A step farther and it might have passed them. Mere passion,
however
exciting, prosaically excites; it is in its very essence homely, and
delights
in homeliness: but the triumph over passion, as so finely
depicted
in the two poems mentioned, is one of the purest and most idealizing
manifestations
of moral beauty.
In character Miss Lynch is
enthusiastic, chivalric,
self-sacrificing, "equal to any fate," capable of even martyrdom in
whatever
should seem to her a holy cause — a most exemplary daughter.

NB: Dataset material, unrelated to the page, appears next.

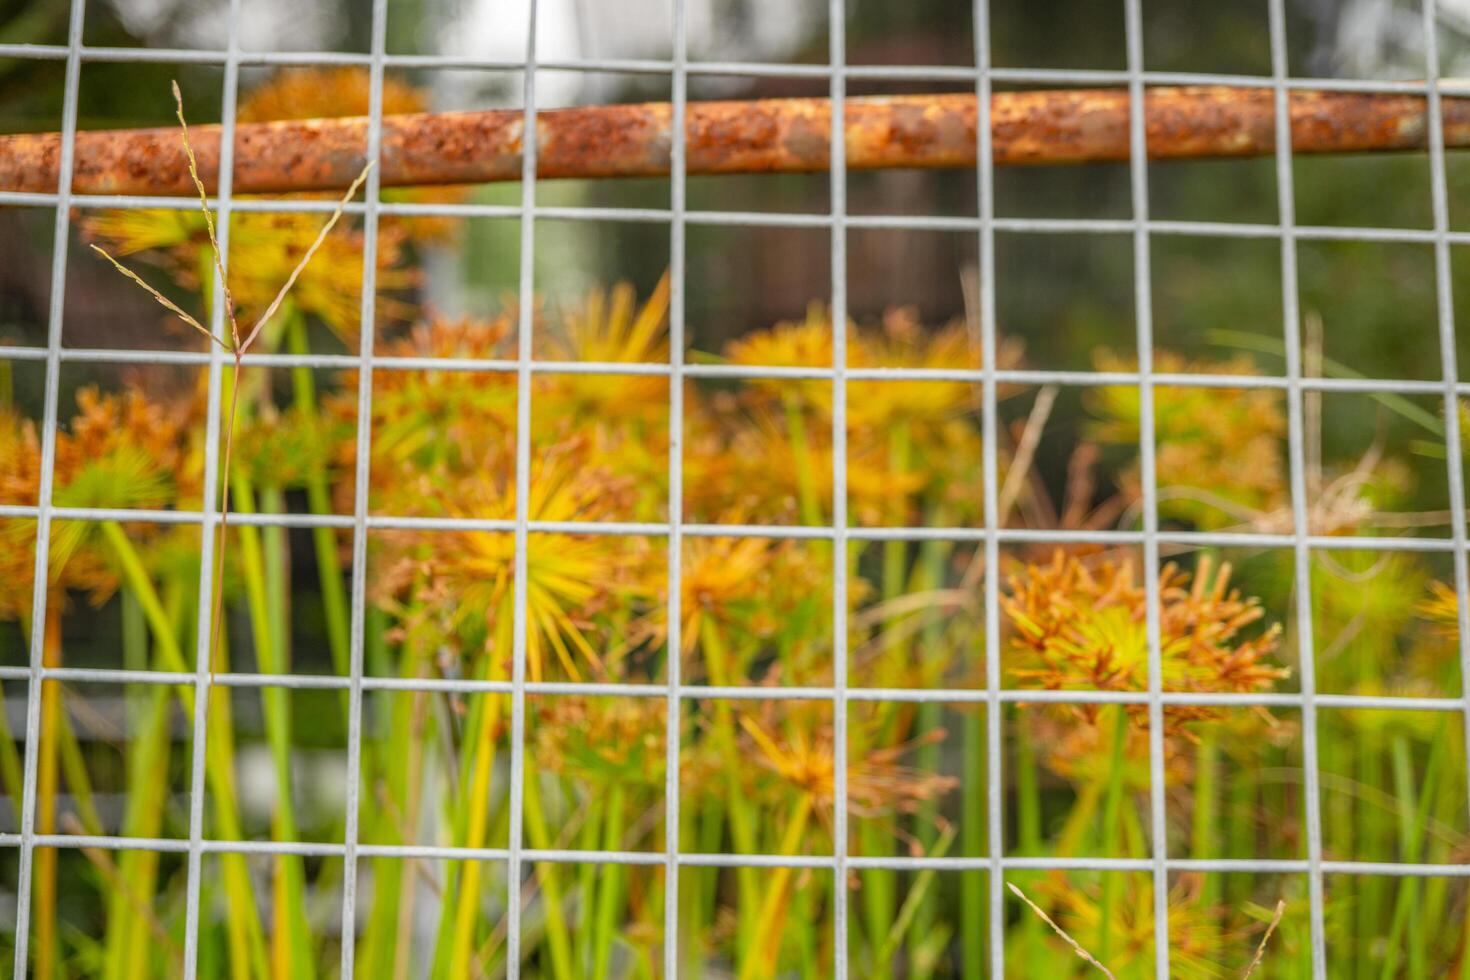 dekorativ Pflanze Cyperus Papyrus auf das Grün Garten. das Foto ist geeignet zu verwenden zum botanisch Hintergrund, Natur Poster und Flora Bildung Inhalt Medien.
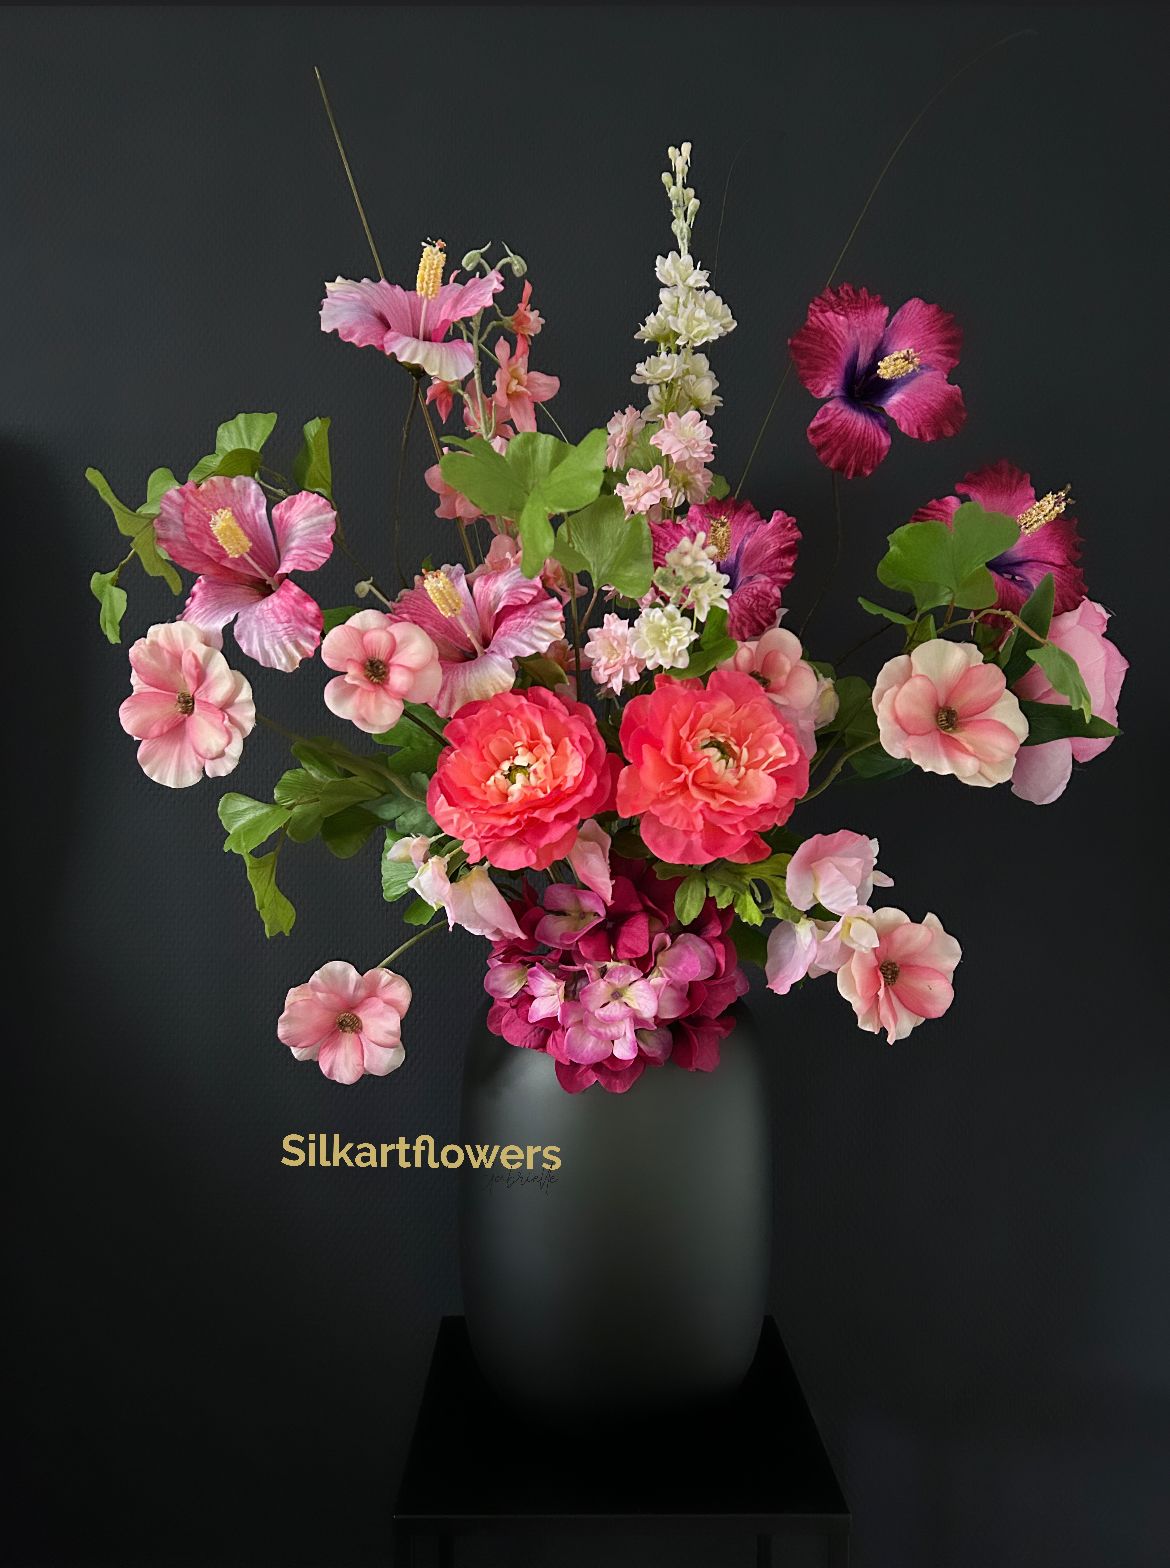 Stel zelf je boeket samen - Silkartflowers.com

She
has her hobbies, however, (of which a very indefinite idea of "duty" is
one,) and is, of course, readily imposed upon by any artful person who
perceives and takes advantage of this most amiable failing.
In person she is rather above
the usual height,
somewhat slender, with dark hair and eyes — the whole countenance at
times
full of intelligent expression. Her demeanor is dignified,
graceful,
and noticeable for repose. She goes much into literary society.